St. Louis cuisine is the culinary culture of the Greater St. Louis area, which comprises and completely surrounds the independent city of St. Louis (its principal city) and includes parts of both the U.S. states of Missouri and Illinois.

History and composition 

An independent city and a major U.S. port in the state of Missouri, St. Louis dates to an early French settlement in 1764. Built along the western bank of the Mississippi river, which marks the border of Missouri with Illinois, it was founded by French fur traders and Pierre Laclède and Auguste Chouteau, and named after the medieval French King, Louis IX. 

Spain took control of the region after defeating France in the Seven Years' War in 1764. France regained control in 1800, but sold it to the United States three years later in the Louisiana Purchase. 

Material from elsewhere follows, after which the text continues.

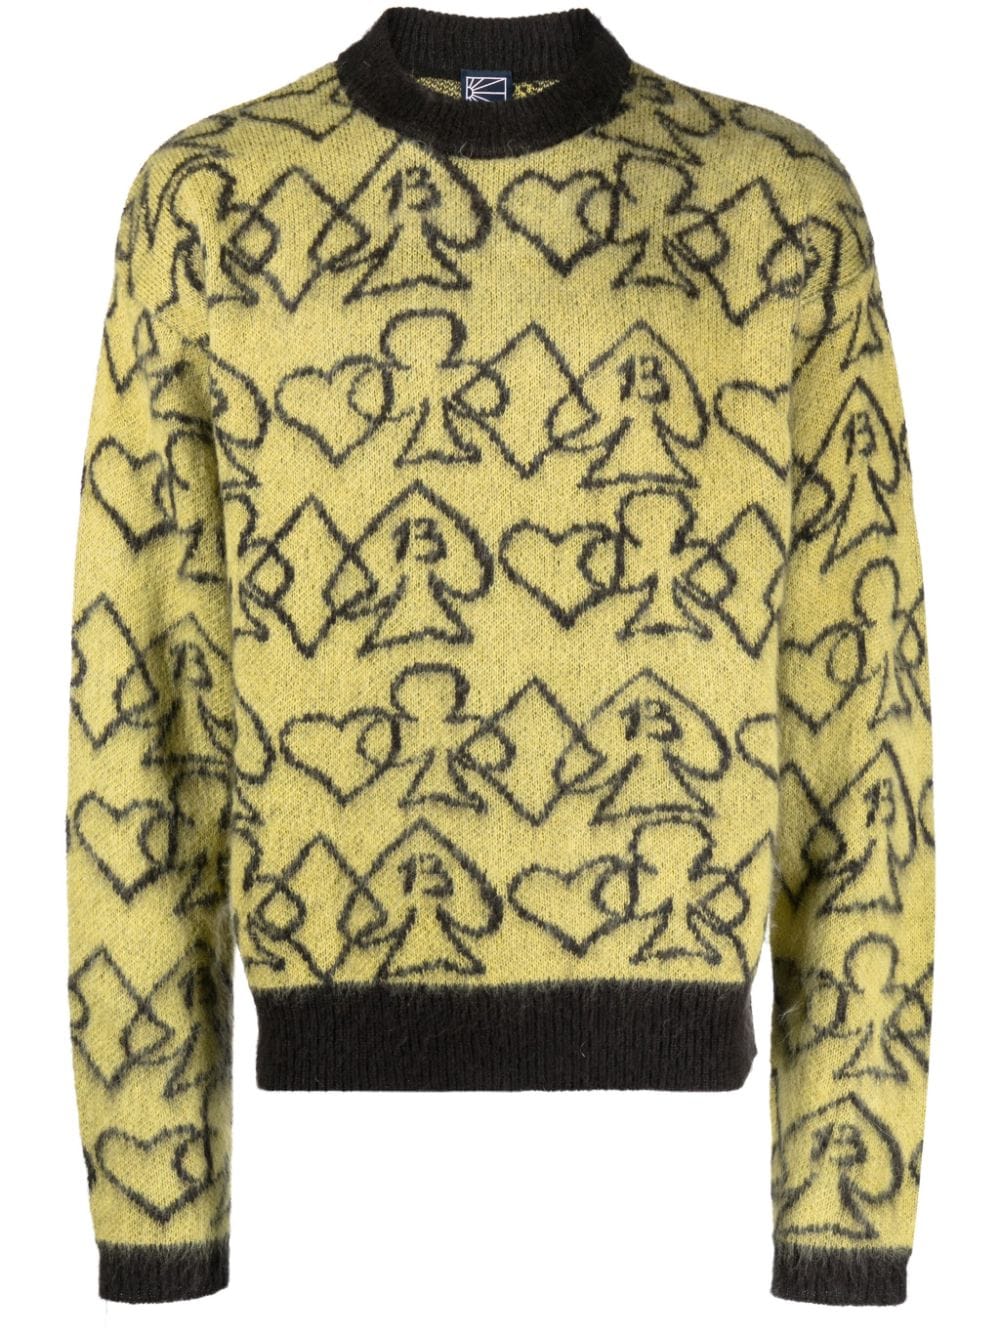 Louis Vuitton Monogram Logo Black and Yellow Knit Sweater Dress

St. Louis grew quickly in the 19th century, becoming America's fourth-largest city by 1904, when it hosted the Louisiana Purchase Exposition and the Summer Olympics.

St. Louis cuisine 
A number of foods are specific to, or known to have originated in St. Louis.

St. Louis-style pizza 

St. Louis has a variation of pizza which features provel cheese, a very thin crust, and is often square cut. Imo's Pizza is a well-known seller of St. Louis-style pizza.

Gooey butter cake 

Gooey butter cake is a type of cake traditionally made in, and invented in, St. Louis. It is served locally as a breakfast pastry, though also served as a dessert.

Toasted ravioli 

Toasted ravioli is breaded deep-fried ravioli, usually served as an appetizer. Generally, some type of meat is wrapped in square ravioli, breaded and deep fried until the pasta shell becomes slightly crispy, dry and browned. Vegetarian options exist, generally consisting of cheese, spinach, or mushroom fillings. Toasted ravioli is generally served with marinara sauce for dipping.

St. Paul sandwich 
A St. Paul sandwich is a type of sandwich served at many Chinese takeout restaurants in St. Louis. The sandwich consists of an egg foo young patty (made with mung bean sprouts and minced white onions) served with dill pickle slices, white onion, mayonnaise, and lettuce between two slices of white bread. The St. Paul sandwich also comes in different combinations and specials, such as chicken, pork, shrimp, beef, and other varieties.  Steven Yuen is said to have invented the sandwich in the 1940s for his restaurant Park Chop Suey.

Slinger 
A slinger is an American Midwest diner specialty typically consisting of two eggs, hash browns, and a ground beef (or other type of meat) patty, all covered in chili con carne (with or without beans) and generously topped with cheese (cheddar or American) and onions. The eggs can be any style. Hot sauce is usually served on the side. The slinger is considered to be a St. Louis late-night culinary original. It is described as "a hometown culinary invention: a mishmash of meat, hash-fried potatoes, eggs, and chili, sided with your choice of ham, sausage, bacon, hamburger patties, or an entire T-bone steak.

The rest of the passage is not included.